During the Cold War American imperial policy was embodied in a ‘soft’ political imperialism. The US government was largely content with promoting states that looked like it economically and politically or were compliant in US foreign policy objectives.  This drive to create democracies and free markets did often take violent turns with coups, wars, and interventions around the world, but they were often masked as collectively supported actions in consort with other states in the interest of the whole.  The extent to which this was actually true is obviously debateable, but suffice it to say the effort to couch even the most aggressive actions in the language of protecting and helping was a significant shift from the era of the ‘White Man’s Burden’.

This effort at spreading American influence reached its peak with the collapse of the Soviet Union as former communist states dissolved into free-market democracies.  In the last decade of the twentieth century the softer efforts at imperial expansion seemed successful as academics and commentators hailed the ‘End of History’ and the supremacy of the American model.  The first decade of the twenty-first century would test this with the interventions in Iraq and Afghanistan.  These last hurrahs of the most recent era of US imperialism were characterised by perceived failure and beset with difficulties.  These difficulties and an increasingly troublesome domestic situation in America itself has contributed to a feeling that the most recent iteration of US imperialism has not actually worked out for America itself.  This feeling is what Trump tapped into and has been forming his foreign policy around.

Overall, the perceived failure of the post-war era of imperialism is the legacy that lives on in the Trump administration’s policy shift.  Whether or not this inadequacy is justified is not relevant insofar as it is viewed as having been detrimental to American interests by Trump and his followers. This ‘failure’ has been cited on numerous occasions by Republicans, the administration, and Trump himself in a direct effort to justify the current changes in policy and in an attempt to prove the necessity of a more aggressive stance.

America First:  A Return to the Past

In his effort to ‘Make America Great Again’ Trump has tapped into several latent trends from America’s past imperial projects and rehabilitated many of the attitudes, approaches, and beliefs of previous periods.  In this sense, the current Trumpian turn in American policy is not so much a new tack as a rediscovery of previous trends.  The new America seems to be increasingly trying to threaten and cajole its way towards reaffirming relationships with the rest of the world based on extraction and direct gain.  Understanding the threads that underlie this and the latent tendencies used as touchstones by this new administration is important for understanding how and why the US government is acting the way it is.

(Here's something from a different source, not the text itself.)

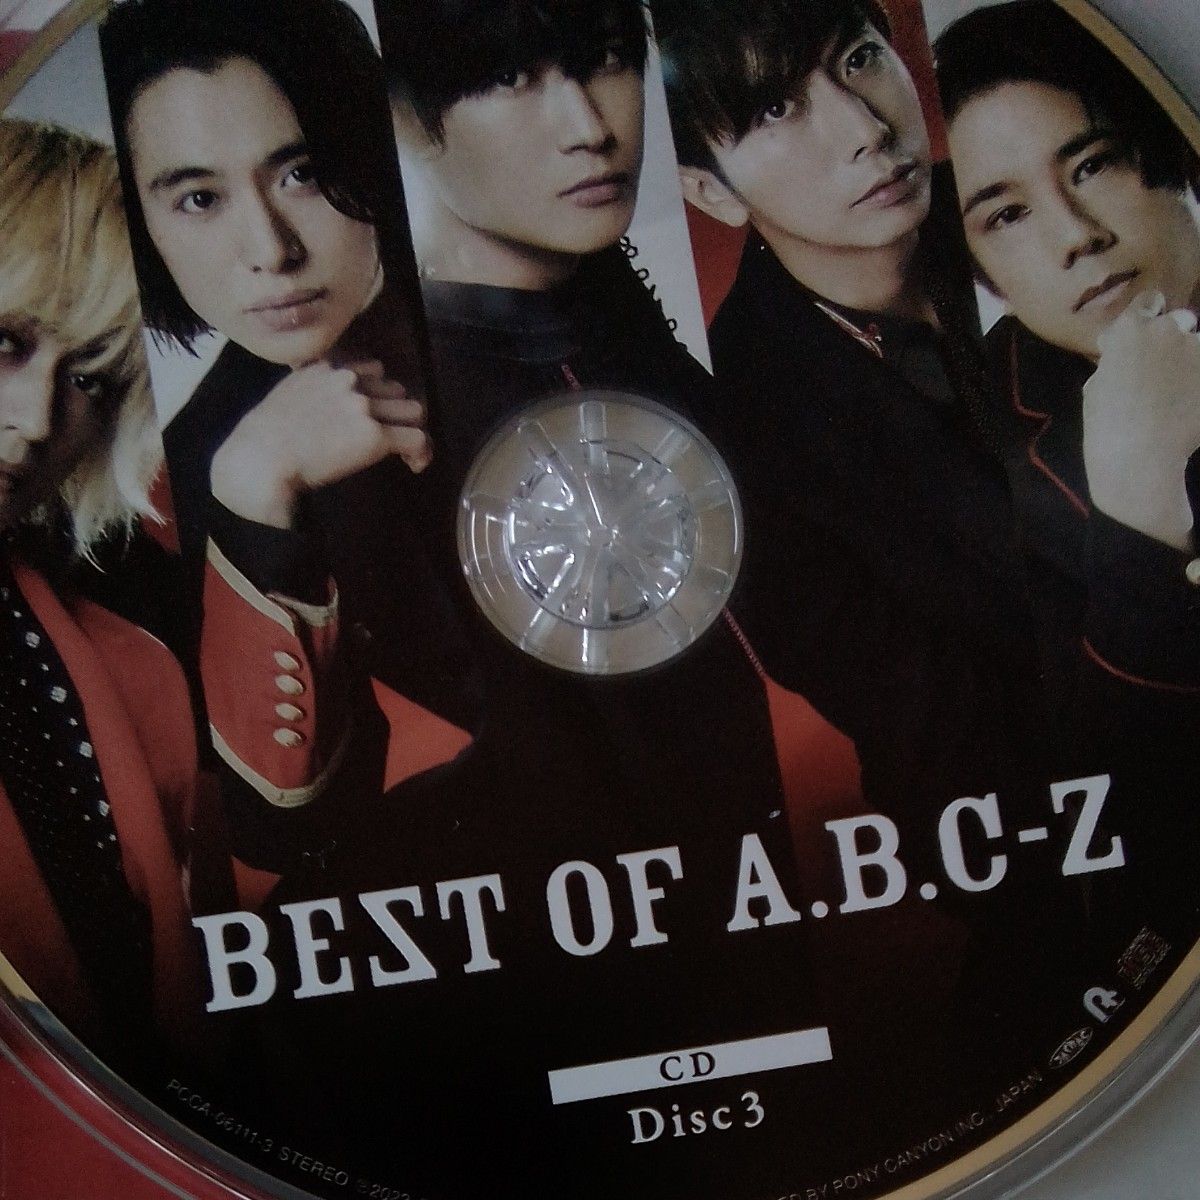 【送料無料】通常盤Z チェンジングジャケット5セット A.B.C-Z 3CD/BEST OF A.B.C-Z

These changes in America’s approach to the world are not inherently new.  Trump’s efforts to reassert America’s dominance and his preoccupation with borders and the purity of citizenship all reflect past iterations of American imperial policy.  From the obsession with border security in the nascent United States to the conflict between race and entitlement of early nineteenth century America to the unabashed dominance of the United States at its imperial height, premonitions of the Trump administration’s policies and drives can be seen in all of them.  The fundamental reason this policy turn has been well received by politicians and many citizens of the United States is that imperialism and the drive for American superiority are inherent aspects of the US project.  These tendencies have been with the country since its very inception and they are there today.  These drives and beliefs are visible for all to see and will continue to push American and Trump administration policy in the years to come.  Recognising and understanding how these tendencies manifested previously will go a long way to helping the world understand and deal with the Trumpian turn.